21- Jessy

216 31 106
                                    

"Kalau ada yang macam-macam sama lo, biar gue yang maju."

-Jessy Tritania

***


"Kantin yok, An," ajak Sisi sambil mengusap-ngusap perutnya yang sudah keroncongan.

Anya mengangguk sekilas sembari merapikan alat tulisnya, "Yuk,"

"ZEFANYA!"

Mendengar namanya dipanggil dengan begitu keras kontan saja membuat Anya langsung memalingkan wajahnya.

Terlihat kak Aren-bendahara OSIS berdiri di depan pintu kelasnya dengan wajah memerah, sepertinya habis main basket.

"Lo dipanggil Mery ke ruang sekretariat OSIS. Udah itu aja. Bye."

Anya mengernyit lantas melempar tatapan bingungnya pada Sisi.

"Yahh, gue jomblo dong makannya," sungut Sisi.

"Nanti gue samperin, lo duluan aja," balas Anya lantas langsung bergegas menuju ruang sekretariat OSIS

______

"Gue mintol lo lanjutin proposal untuk ultah KEMBANG nanti," Mery menyodorkan kertas-kertas proposal persiapan ultah SMA kebanggaan mereka itu.

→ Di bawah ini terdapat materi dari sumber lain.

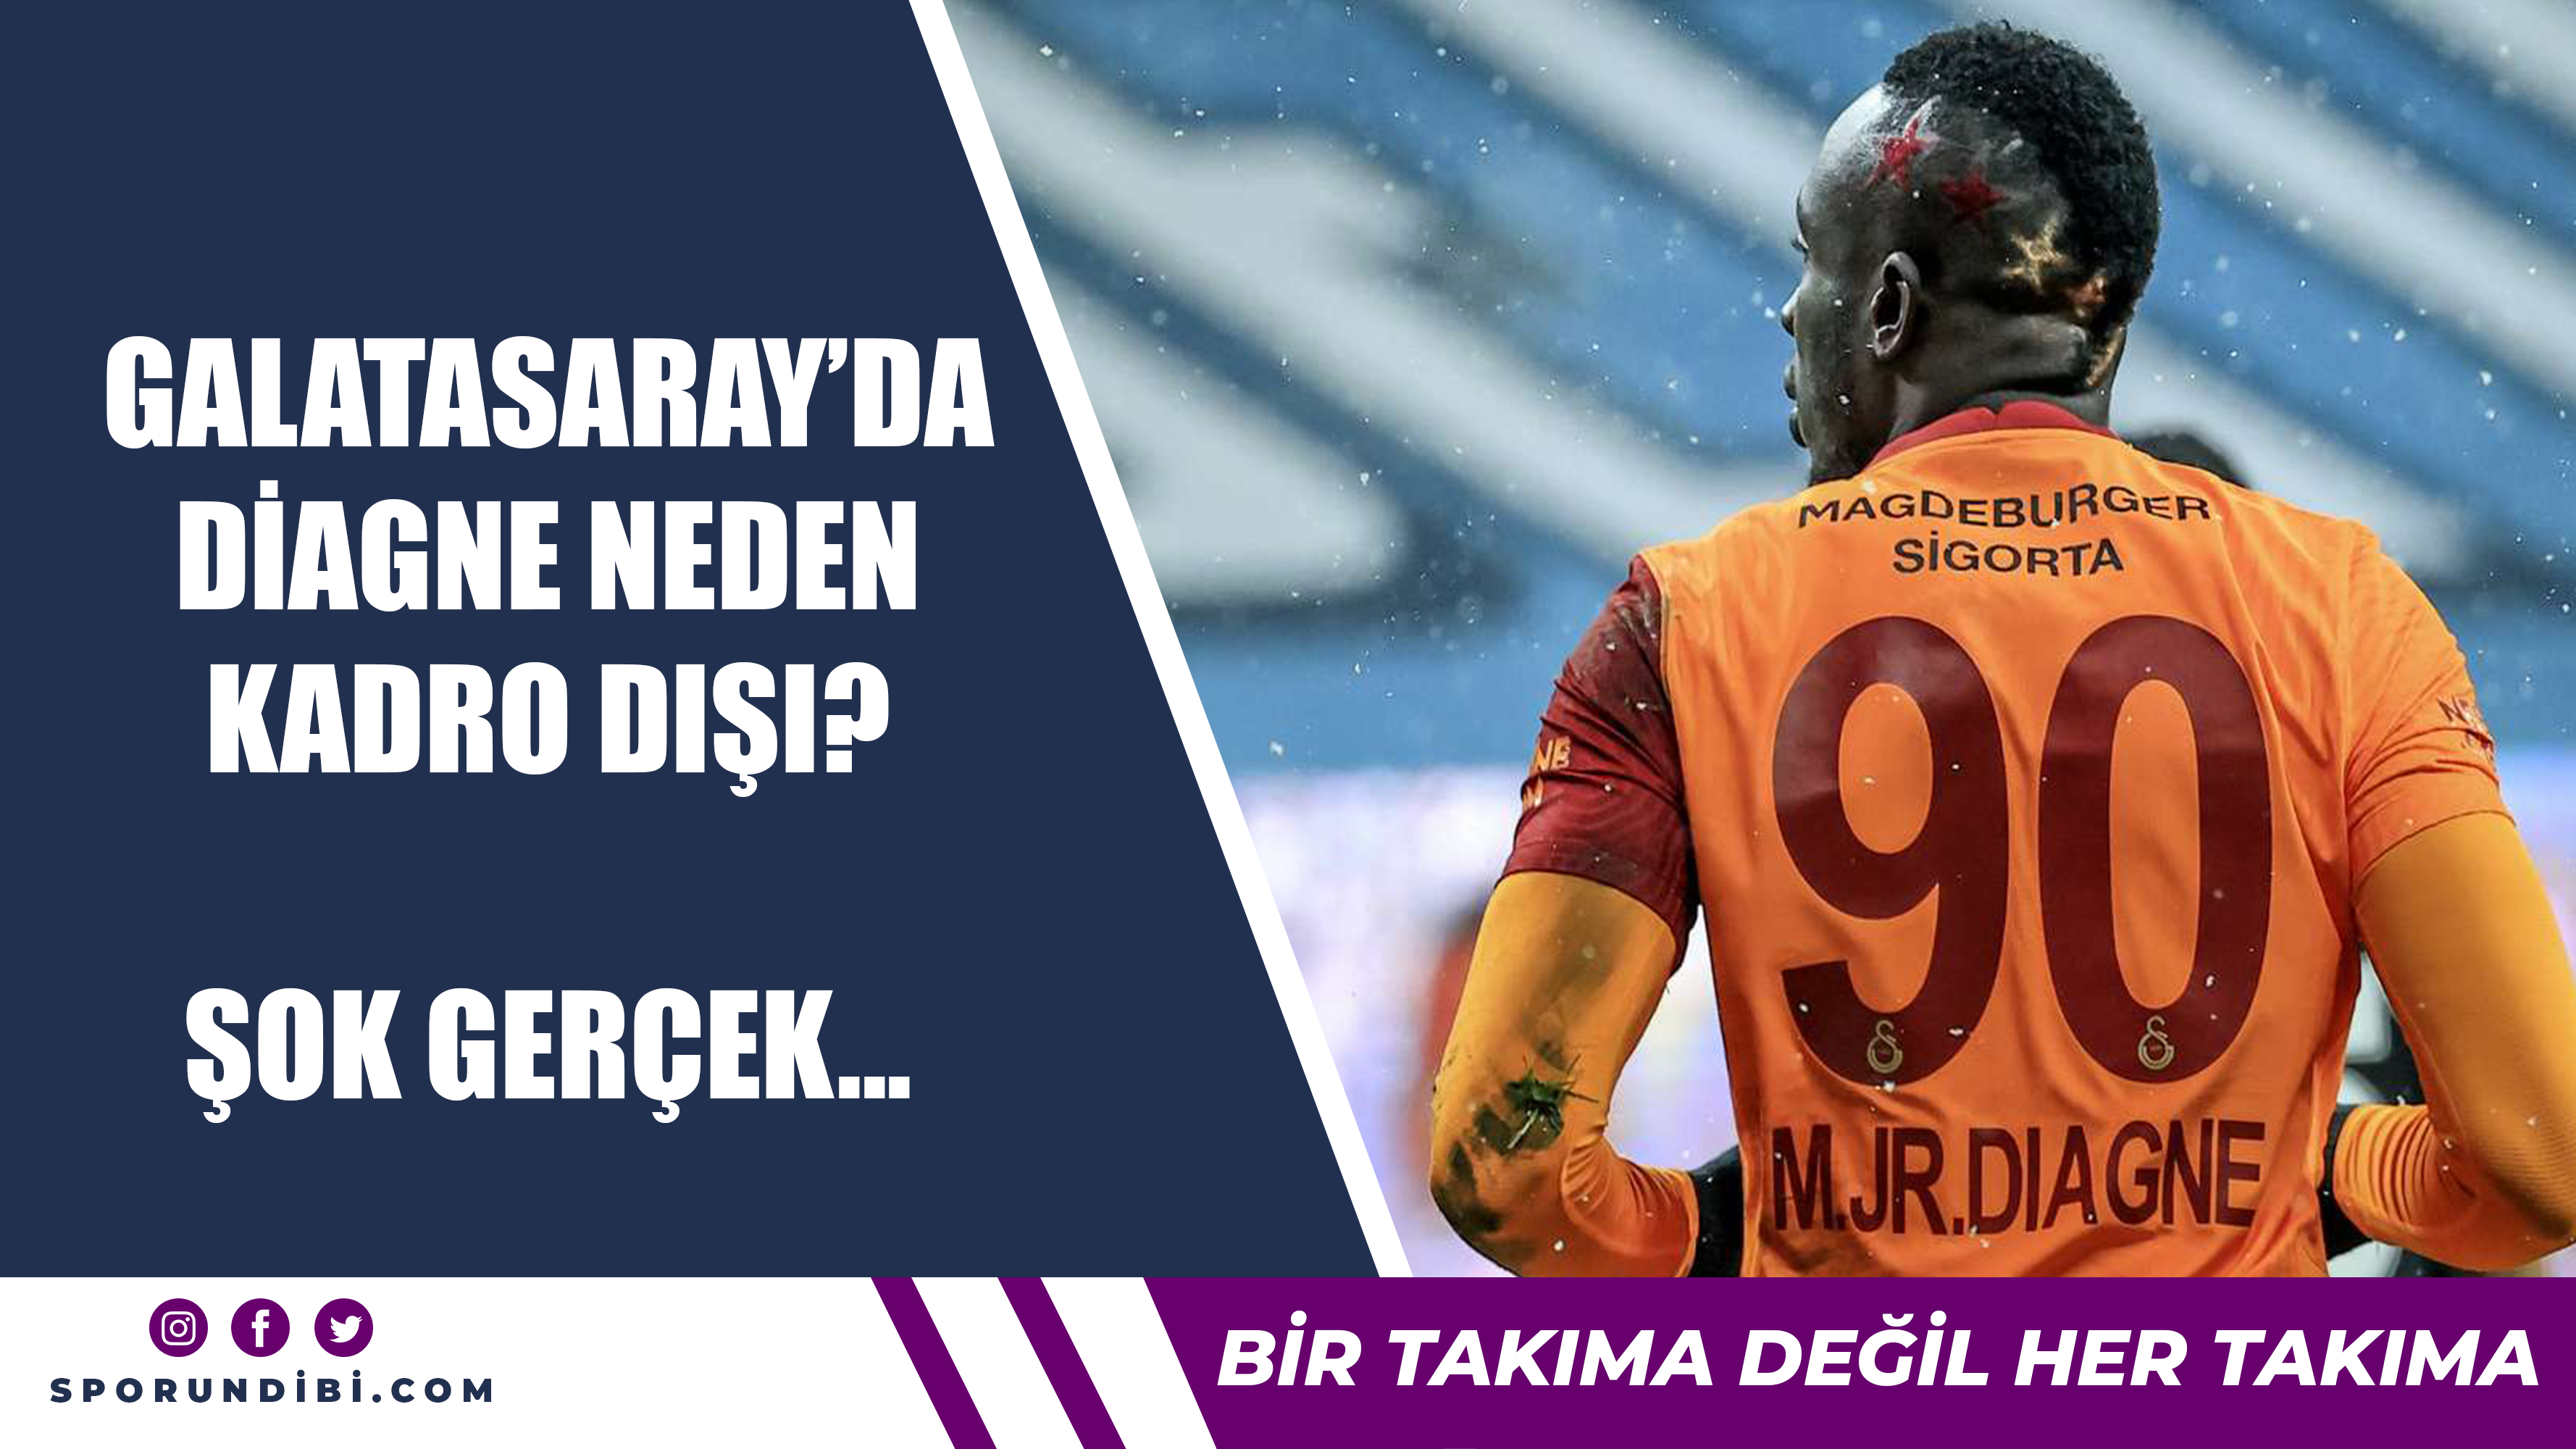 Galatasaray'da Diagne neden kadro dışı? Şok gerçek...

Anya menerimanya lantas bertanya, "Tumben, kak. Biasanya gue ga dapat pekerjaan apa-apa saking semangatnya kak Mery kerja sendiri,"

Mery tersenyum simpul lantas mendesah lelah, "Yah lo tau lah sekarang kelas 12 sibuknya udah gimana,"

Anya manggut-manggut mengerti, "Sip deh, kak,"

Anya sudah bersiap-siap keluar dari ruangan tatkala panggilan Mery kembali membuatnya berpaling.

"Lo ajak Dava makan, gih. Daritadi di ruangannya mulu,"

"Kak Dava?" tanya Anya ragu

Mery mengangguk lantas memberi kode pada Anya lewat lirikan matanya yang menujuk pada pintu ruang kerja ketua OSIS.

Setelah Anya mengangguk pelan, Mery pun pamit ke kantin.

Anya mengetuk pintu ruang kerja Dava. Tak lama kemudian terdengar sahutan dari dalam.

Dengan gerakan yang teramat pelan, Anya memutar kenop pintu lantas menyembulkan kepalanya, "Kak," panggilnya.

Dava yang tadinya sibuk berkutat pada laptopnya serta merta mendongak, "Anya?"

Anya tersenyum tipis lantas berjalan masuk lalu duduk di kursi depan meja kerja Dava selaku ketos KEMBANG.

"Ada perlu apa, An?" tanya Dava.

Alih-alih menjawab pertanyaan Dava, Anya malah menatap cowok itu lamat-lamat. Dava terlihat makin kurus, pipinya teramat tirus. Wajahnya juga semakin pucat saja.

Dava grogi sendiri ditatap seperti itu, takut kalau-kalau Anya secara mendadak menyerangnya dengan pertanyaan yang tak bisa ia jawab. Entah mengapa.

Dava ingin memecah sunyi yang terasa kental di ruangan itu, namun Anya sudah memulai terlebih dahulu.

"Kak Dava sakit?"

Antara sadar dan tidak, pertanyaan itu meluncur begitu saja dari mulut Anya. Feeling-nya mengatakan bahwa ia perlu menanyakan hal itu.

Dava diam saja.

Dari tatapannya, Dava mengajak Anya berbicara tanpa bersuara.

"Kak," cicit Anya begitu menyadari ada selapis kaca yang terbentuk dalam kedua bola mata Dava.